The paper at hand aimes at identifying the assumptions that lead to the results presented in an article by Michael Macy and Yoshimichi Sato published in PNAS. In answer to a failed replication, the authors provided the source code of their model and here the results of carefully studying that code are presented. The main finding is that the simulation program implements an assumption that is most probably an unwilling, unintended, and unwanted implication of the code. This implied assumption is never mentioned in Macy and Sato's article and if the authors wanted to program what they describe in their article then it is due to a programming error.

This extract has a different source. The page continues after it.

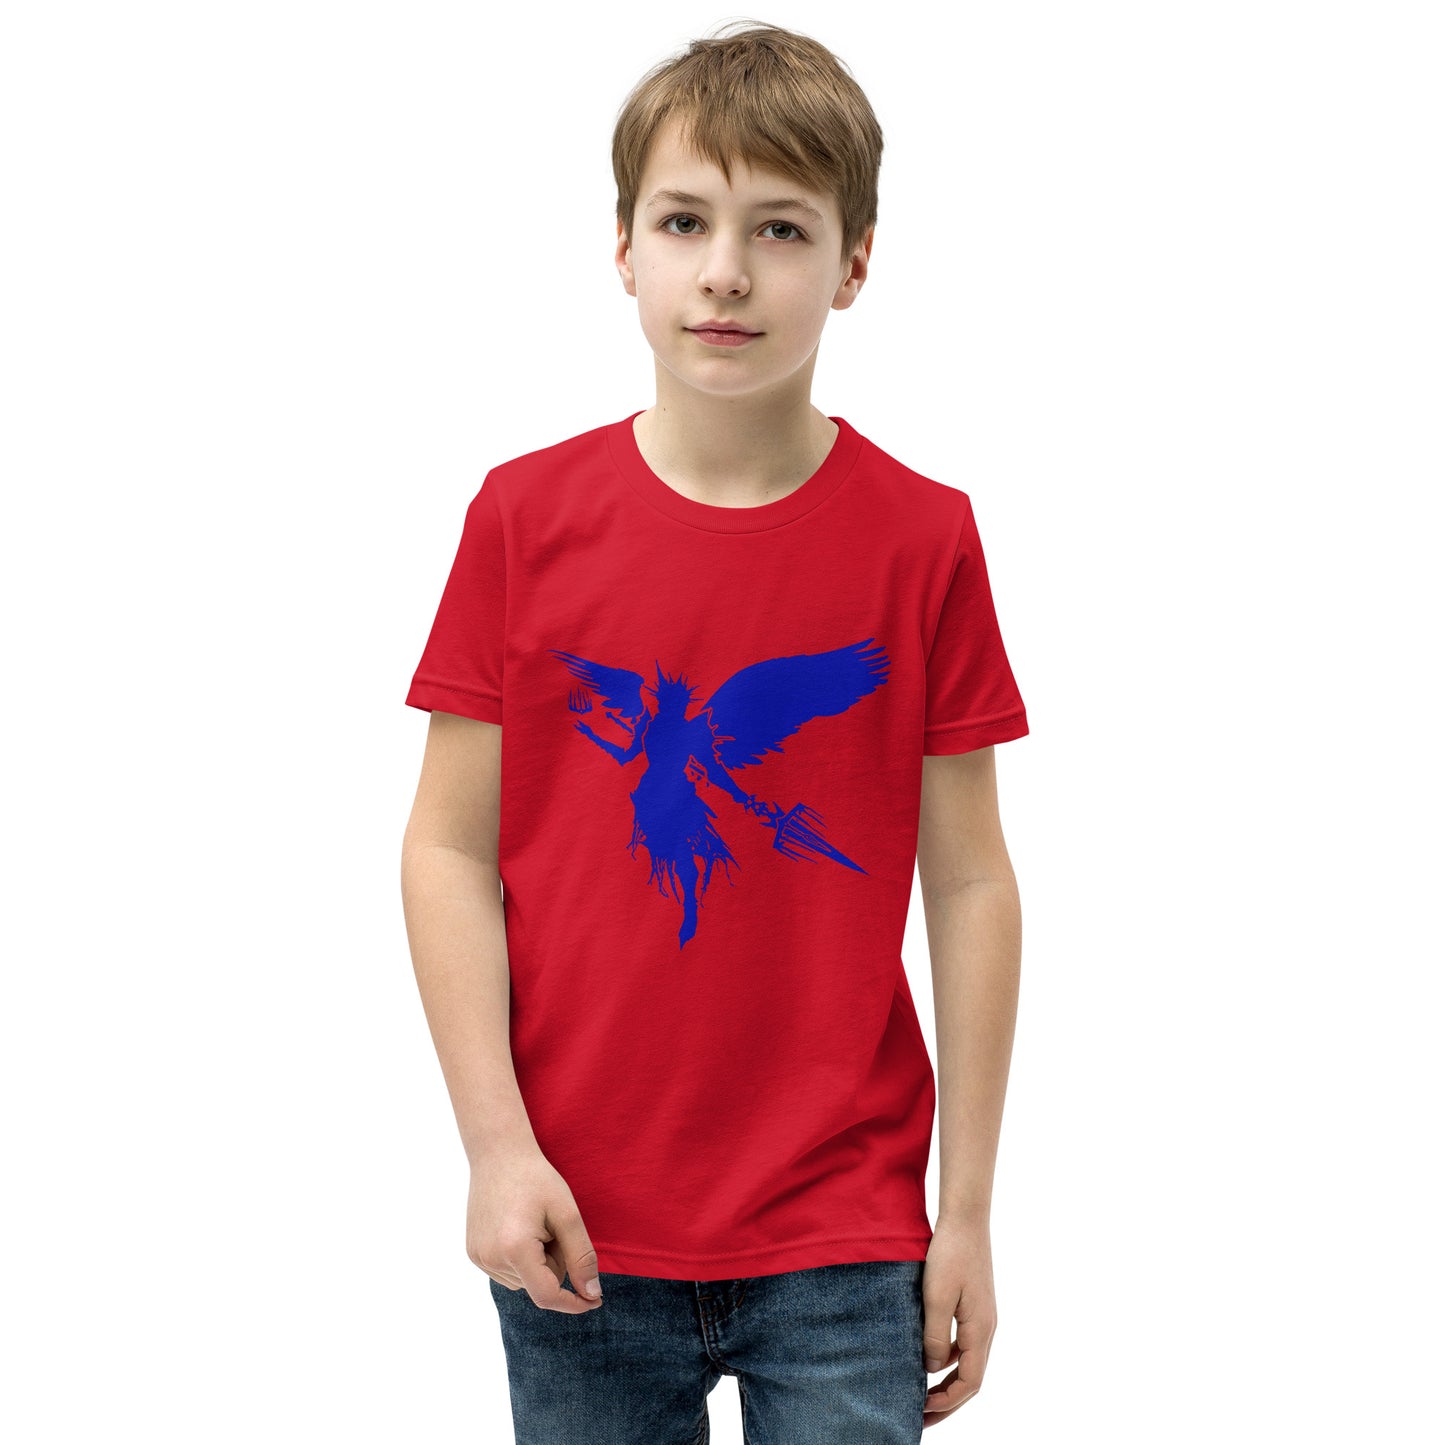 Wraith Eco Youth Short Sleeve T-Shirt

After introducing the reader to the discussion, data that stem from a new replication based on the assumptions extracted from the source code is compared with the results published in Macy and Sato's original article. The replicated results are sufficiently similar to serve as a strong indicator that this new replication implements the same relevant assumptions as the original model. Afterwards it is shown that a removal of the dubious assumption leads to results that are dramatically different from those published in Macy and Sato's PNAS article.

Keywords:

Replication, Social Dilemma Situations, Trust, Simulation Methodology, Cooperation

Introduction

1.1

In Will and Hegselmann (2008a) we reported to JASSS on how we failed to replicate the results presented in Macy and Sato (2002). We considered several aspects of the model as causes of our failure. The most plausible explanation we could find, was that we had missed the way in which transaction costs were implemented. Lacking the opportunity to analyse the source code of the model, we were not able to verify this conjecture. Shortly after the publication of our paper, the authors' reply appeared in the same journal (Macy and Sato (2008)). No clear answer on why our replication might have failed was given in this text (Will and Hegselmann 2008b) but Macy and Sato published their source code in answer to our article. In the present text, I am presenting the insights I gained from studying the code carefully, trying to uncover those assumptions of the original model that we got wrong in our replication.

1.2

Macy and Sato's model is quite appealing. It implements a social structure that distinguishes between interactions in (a) more or less small groups of people that know each other comparatively well and (b) usually larger groups of strangers. This is a structural scenario that corresponds well to real-world interactions of people. The model predicts that social mobility, as long as it is not extremely high, has a large positive effect on trust among strangers. In a world with probably increasing social mobility this is an interesting finding. Thus Macy and Sato's work is of some interest to scholars of simulation but it needs to be clarified what assumptions lead to the published results.

1.3

In the following section a condensed overview of the assumptions that I extracted from the source code of the model is provided. The main finding is that there is an exclusion of certain agents from reinforcement learning that is most probably an unmeant, unintended, and unwanted implication of the code. This implied assumption is never mentioned in Macy and Sato (2002) and if the authors wanted to program what they describe in their article then it is due to a programming error. The subsequent section compares data that stem from a new replication based on these assumptions with the results published in Macy and Sato's PNAS article. The replicated results are sufficiently similar to serve as a strong indicator that the replication implements the same relevant assumptions as the original model. Afterwards I provide data from simulations in which the seemingly unmeant exclusion of agents from reinforcement learning mentioned above is repaired. This modified version leads to results that are dramatically different from those published in Macy and Sato (2002).^[1]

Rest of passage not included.